The setting is 1941.  German U-boats are routinely sinking American supply ships and the Nazis are overrunning Europe.  Things look grim for the Brits.  Churchill’s (Rory Kinnear) top military advisors are telling him to negotiate a surrender to Hitler, but of course, he knows that is not an option.  So, he gives Colin Gubbins (Cary Elwes) and his aide Ian Fleming (Freddie Fox)—yes, that Ian Fleming—the task of coming up with a plan to cut off supplies to the German U-boats.  Gubbins and Fleming know regular soldiers are not going to be up to the task.  They need people who know how to fight dirty; men who are not gentlemen. 
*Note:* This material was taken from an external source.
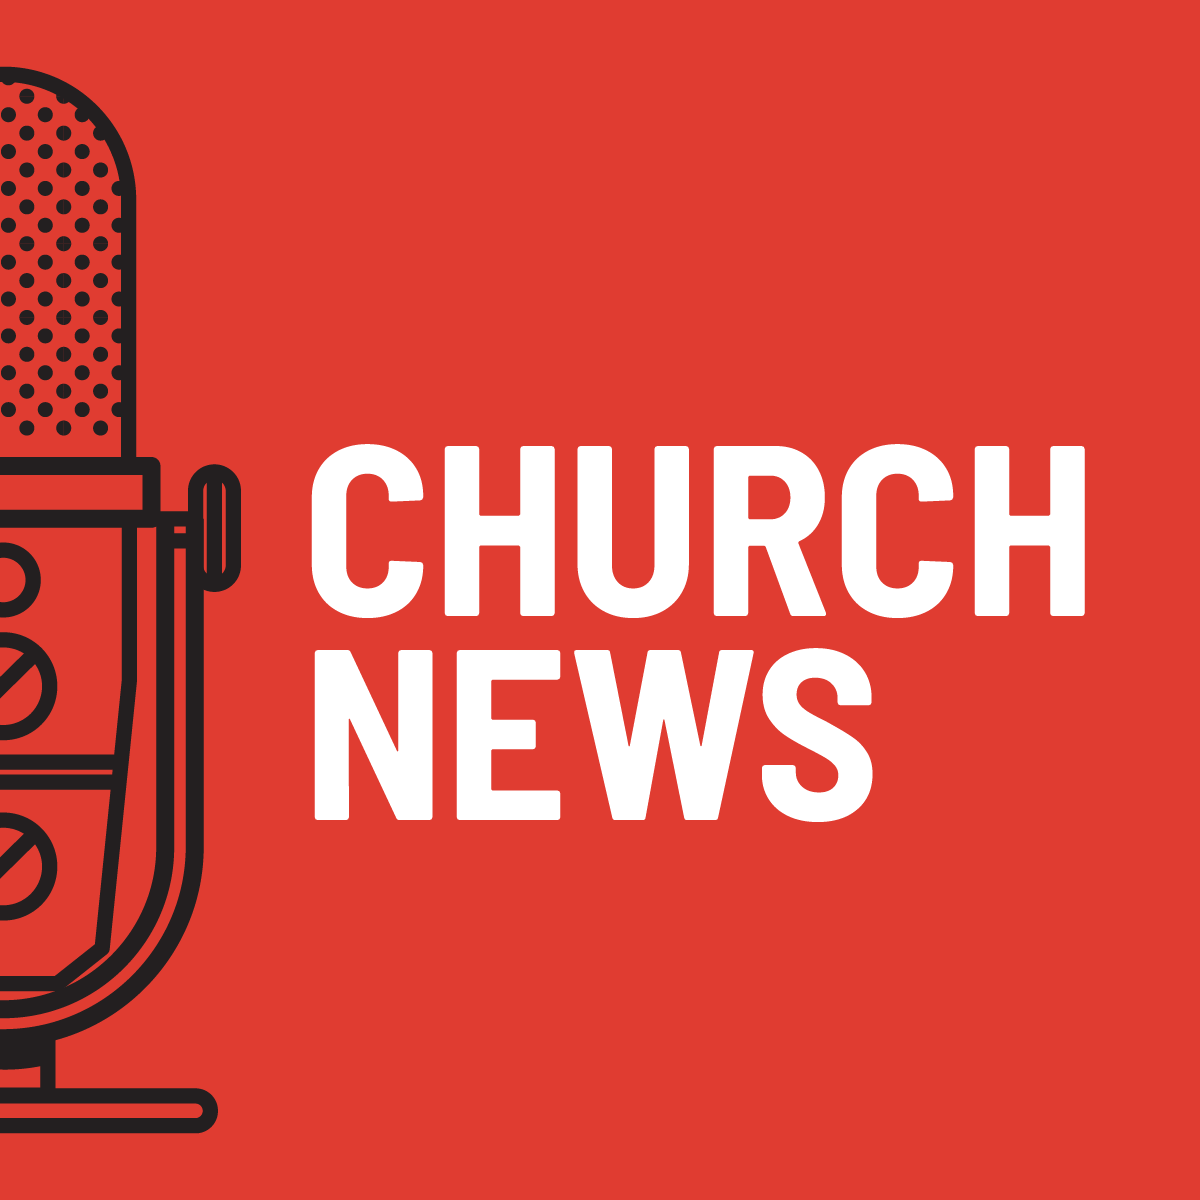 Church News editor Ryan Jensen on finding purpose in gospel principles amid life’s ups and downs

They turn to Gus March-Phillips (Henry Cavil) who’s available because he’s in jail and he puts together a team of questionable characters to sail down to the Spanish controlled island of Fernando Po to stop a large shipment of vital U-boat supplies.  His team includes Anders Lassen (Alan Ritchson) a violent Swede with a grudge against the Nazis, and Geoffrey Appleyard (Alex Pettyfer), a brilliant tactician.  There is the usual variety of skills on the team, familiar from hundreds of heist and men-on-a-mission movies.  There’s a munitions guy and a guy who can handle boats.

This material, in different hands, could have been made into an epic, given its historical origins.  But Guy Ritchie is known for making comic crime movies with eccentric characters and that’s the approach here.  There isn’t much surprising about the film.  Also, it is light on characterization.  But the acting is sufficient, and the action is spectacular. 

It winds up being a lot of fun.  In the end it is about blowing things up and the indiscriminate slaughter of Nazis.  Just what the world needs right now.

The Ministry of Ungentlemanly Warfare is playing in theaters.